Boas, por aqui céu por vezes nublado, sem instabilidade mas continuou no interior algarvio, e registei as seguintes temperaturas:

Temperatura Máxima: 25.0ºC
Temperatura mínima: 18.7ºC
Temperatura actual: 22.6ºC


----------



## MiguelMinhoto (13 Set 2007 às 21:37)

Boa noite a todos! Por cá mais um dia de céu muito nublado, com vento fraco e neblinas, mas nada de chuva. Chuva só nos grupos Ocidental e Central, ontem caíram 125 L/m2 No Faial.

Valores de Hoje na minha estação:
Tmin - 20,4ºC  Hmin - 65%
Tmax - 23,5ºC  Hmax - 76%

Valor actual - 21,9ºC e 66% de humidade.


----------



## Rog (13 Set 2007 às 22:58)

Boas, por aqui 18,9ºC, céu nublado
81%HR e 1020hpa


----------



## Minho (13 Set 2007 às 23:15)

Braga
Mais um dia de aborrecimento... valeu a descida de temperatura, pois a máxima ficou-se nos 27,7ºC


----------



## João Soares (13 Set 2007 às 23:29)

Boas noites!!!!!!!!!!

Gaia, ceu limpo, sem vento e com 17ºC...... Aqui nunca se passa nada de especial......


----------



## Daniel Vilão (13 Set 2007 às 23:33)

Boa noite a todos !
Desculpem a ausência destes dias, mas estive fora durante uns dias com os amigos...só noitadas xD
Quanto ao tempo, neste momento o céu está limpo e a temperatura é de *18,4 ºC*.
Noite muito agradável para Setembro.
A temperatura máxima registada durante o dia de hoje foi de *30,6 ºC*.

Abraços !


----------



## Fil (13 Set 2007 às 23:54)

Boas. Temperatura de 17,6ºC neste momento, com céu pouco nublado.

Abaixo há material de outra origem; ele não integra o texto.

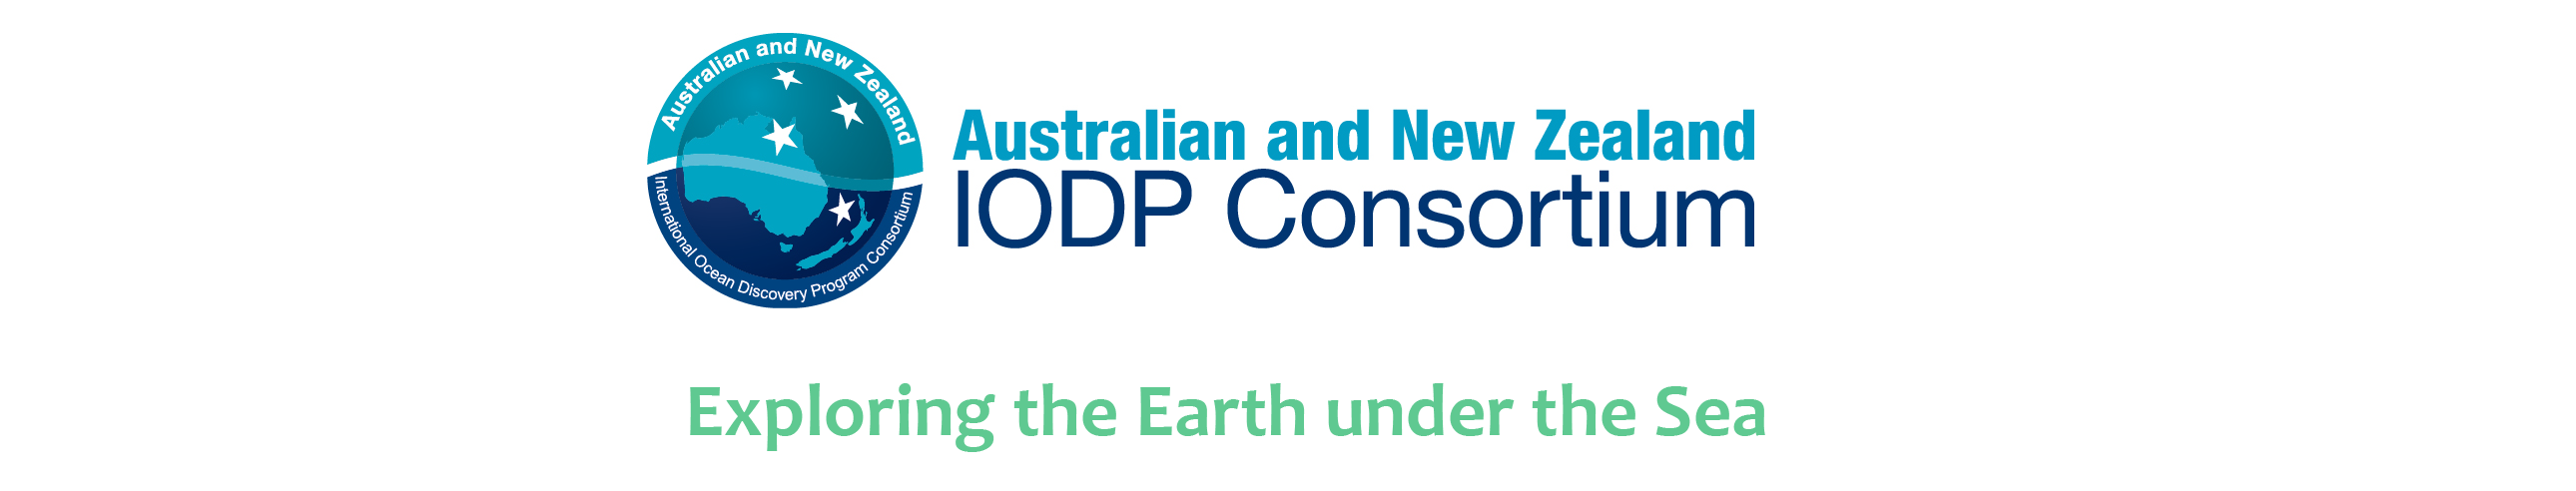 Australian and New Zealand IODP Consortium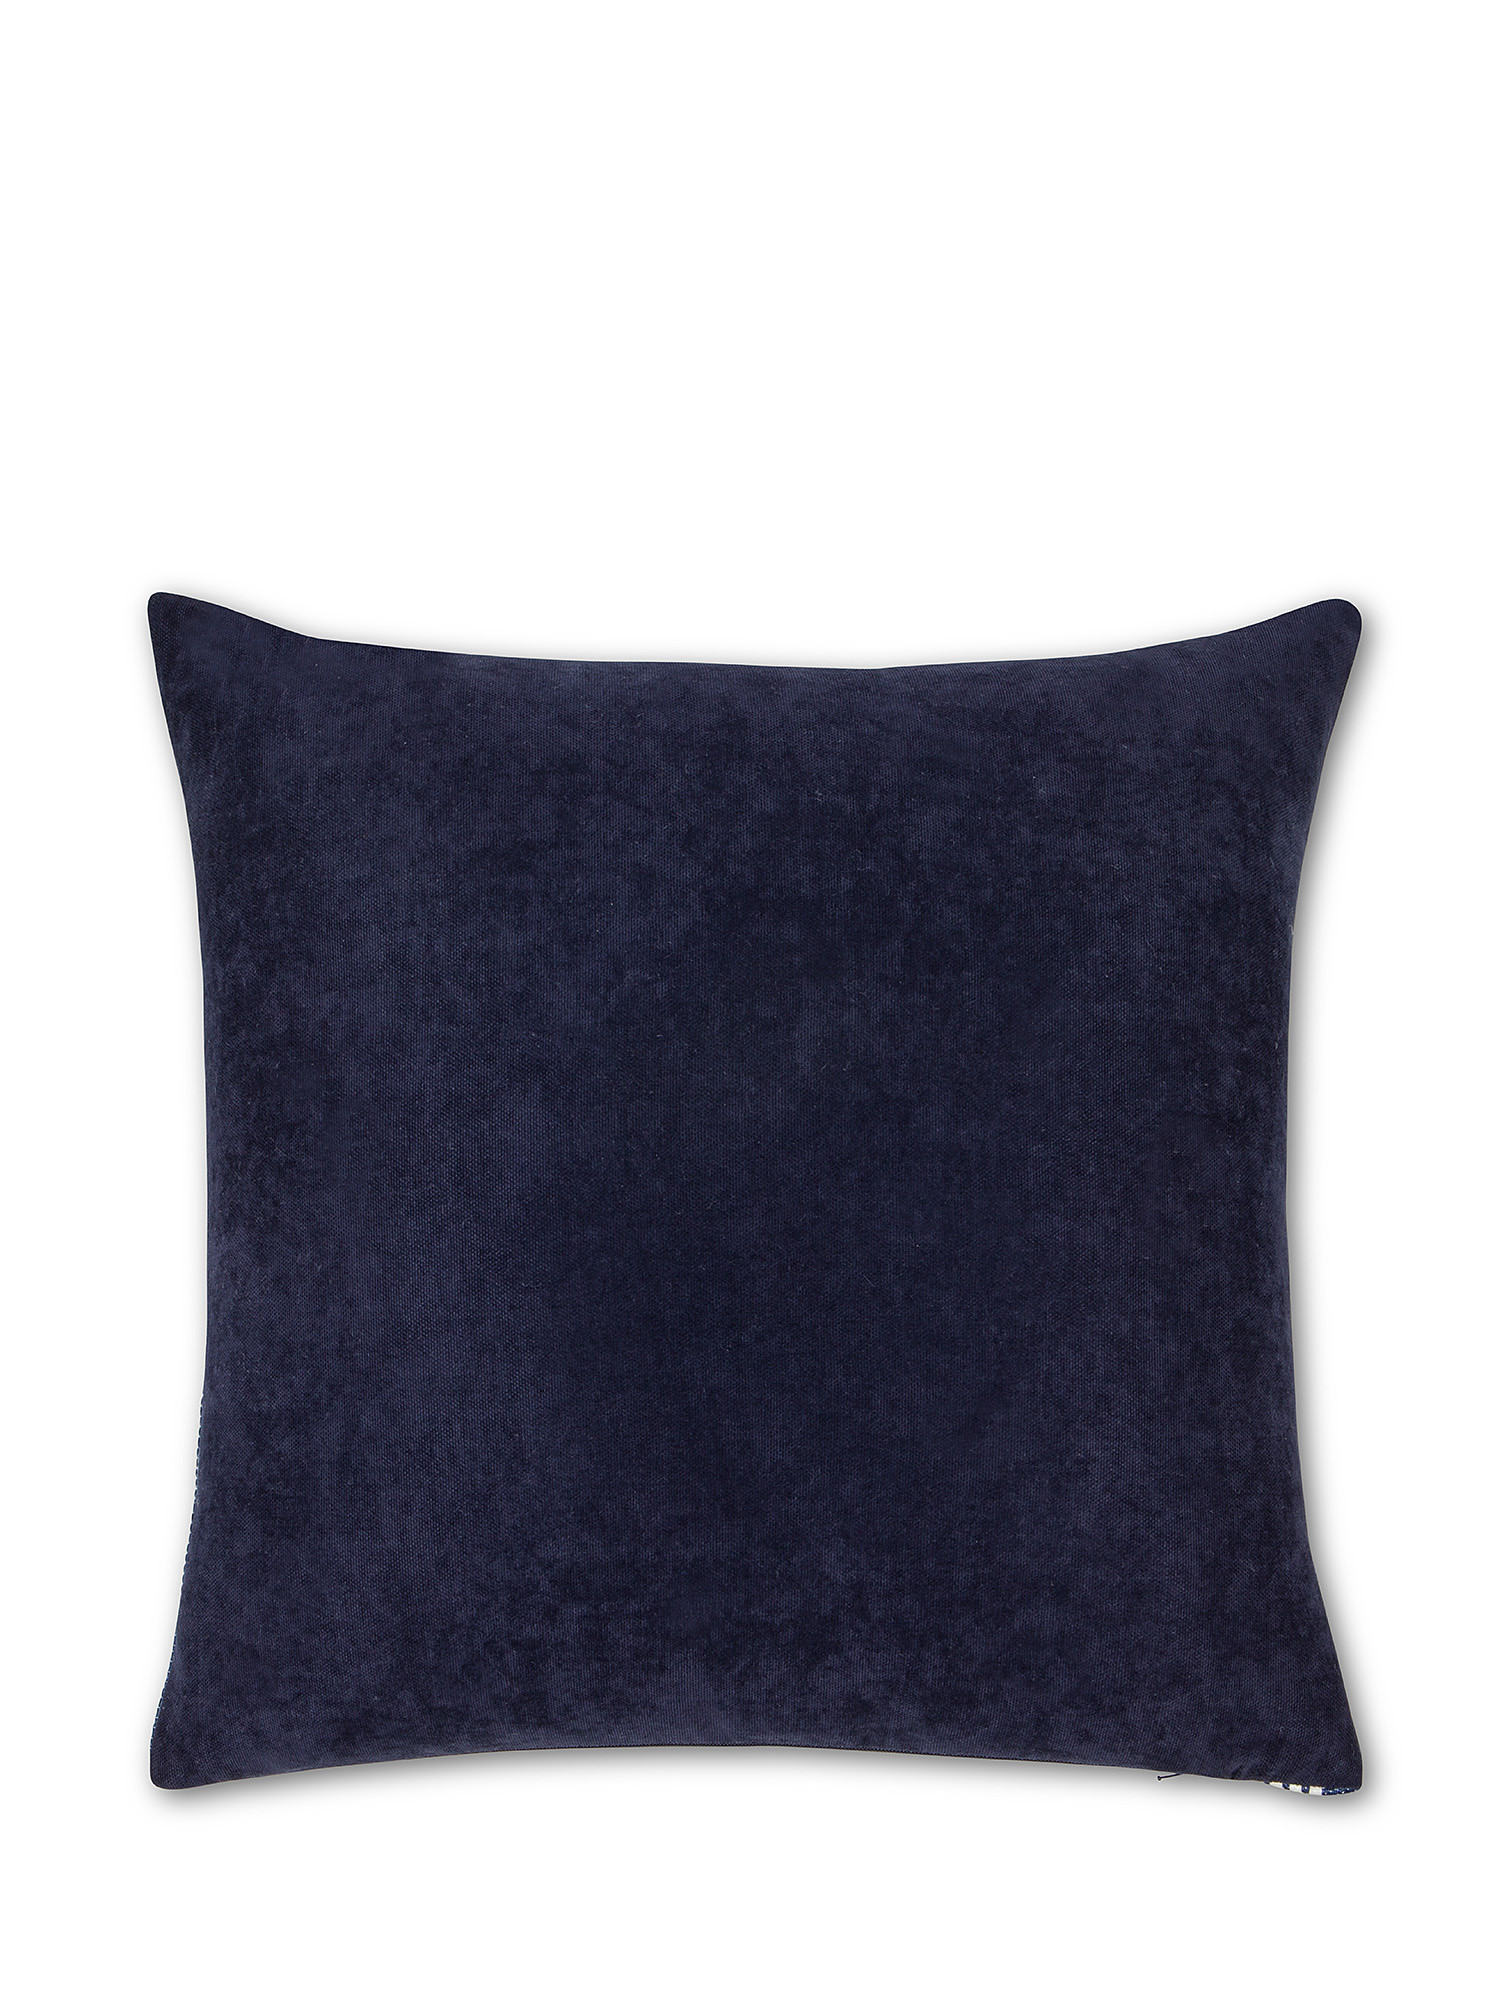 Cuscino 43x43 cm  in cotone e lino, Blu, large image number 1

Os extremos de hoje foram 14,7ºC / 25,9ºC.


----------



## Daniel Vilão (13 Set 2007 às 23:59)

Neste momento registam-se *18,3 ºC*.
Segundo o I.M., [www.meteo.pt], parece que Lisboa vai ser a cidade mais quente amanhã, com uma temperatura mínima de *19 ºC *e uma máxima de *28 ºC*.
Se assim for, parece que cá por Moscavide devemos ter cerca de *30 ºC* de máxima, podendo ainda passar um pouquinho disso.
No entanto, a temperatura mínima por aqui deverá ficar-se pelos *16 ºC *ou* 17 ºC*, porque pela evolução da mesma, não me parece que vá descer muito mais.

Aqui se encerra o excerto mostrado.